Start of Supplied material

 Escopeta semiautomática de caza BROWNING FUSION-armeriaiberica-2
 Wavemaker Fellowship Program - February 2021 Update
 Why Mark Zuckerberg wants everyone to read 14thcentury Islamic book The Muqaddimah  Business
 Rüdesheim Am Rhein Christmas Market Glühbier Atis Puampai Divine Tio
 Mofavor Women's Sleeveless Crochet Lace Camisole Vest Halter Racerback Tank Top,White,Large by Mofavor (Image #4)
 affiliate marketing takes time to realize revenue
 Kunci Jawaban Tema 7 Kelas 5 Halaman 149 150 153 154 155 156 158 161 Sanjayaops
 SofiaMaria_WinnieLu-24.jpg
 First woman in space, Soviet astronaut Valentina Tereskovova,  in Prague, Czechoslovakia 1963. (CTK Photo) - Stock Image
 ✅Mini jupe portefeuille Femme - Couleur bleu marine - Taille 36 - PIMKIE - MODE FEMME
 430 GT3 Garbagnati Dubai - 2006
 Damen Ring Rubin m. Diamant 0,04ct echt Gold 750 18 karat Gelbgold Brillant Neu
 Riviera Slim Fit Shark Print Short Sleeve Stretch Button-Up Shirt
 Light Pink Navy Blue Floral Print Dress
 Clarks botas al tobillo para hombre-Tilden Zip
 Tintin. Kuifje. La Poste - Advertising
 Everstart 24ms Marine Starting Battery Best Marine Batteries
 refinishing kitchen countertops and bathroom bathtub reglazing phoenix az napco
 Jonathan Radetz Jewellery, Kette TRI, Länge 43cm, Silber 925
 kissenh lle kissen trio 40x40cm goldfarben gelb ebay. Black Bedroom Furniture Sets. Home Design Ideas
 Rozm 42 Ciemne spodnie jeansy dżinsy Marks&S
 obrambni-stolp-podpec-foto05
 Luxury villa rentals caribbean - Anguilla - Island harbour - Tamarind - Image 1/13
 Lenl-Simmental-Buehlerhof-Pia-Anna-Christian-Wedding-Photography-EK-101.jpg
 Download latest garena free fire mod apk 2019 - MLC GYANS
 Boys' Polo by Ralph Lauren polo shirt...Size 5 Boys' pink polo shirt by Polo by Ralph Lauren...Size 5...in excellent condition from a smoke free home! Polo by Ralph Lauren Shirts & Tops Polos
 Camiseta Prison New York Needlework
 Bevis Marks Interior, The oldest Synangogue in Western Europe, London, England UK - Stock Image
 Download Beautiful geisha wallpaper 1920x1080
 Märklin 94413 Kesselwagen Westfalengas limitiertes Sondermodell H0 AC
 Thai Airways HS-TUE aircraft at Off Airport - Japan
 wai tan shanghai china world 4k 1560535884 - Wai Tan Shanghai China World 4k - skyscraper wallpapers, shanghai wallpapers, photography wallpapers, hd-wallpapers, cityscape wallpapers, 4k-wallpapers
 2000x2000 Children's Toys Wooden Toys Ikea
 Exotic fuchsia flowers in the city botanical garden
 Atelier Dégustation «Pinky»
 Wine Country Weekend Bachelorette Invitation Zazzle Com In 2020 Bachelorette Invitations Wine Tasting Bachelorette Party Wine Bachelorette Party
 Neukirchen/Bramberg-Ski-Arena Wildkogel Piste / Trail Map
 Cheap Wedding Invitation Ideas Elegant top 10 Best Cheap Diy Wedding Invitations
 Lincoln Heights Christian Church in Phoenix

End of Supplied material

Exercise goal →
Wherever the string "Ideas" appears in the data above, copy the line it sits in.

Your solution →
 kissenh lle kissen trio 40x40cm goldfarben gelb ebay. Black Bedroom Furniture Sets. Home Design Ideas
 Cheap Wedding Invitation Ideas Elegant top 10 Best Cheap Diy Wedding Invitations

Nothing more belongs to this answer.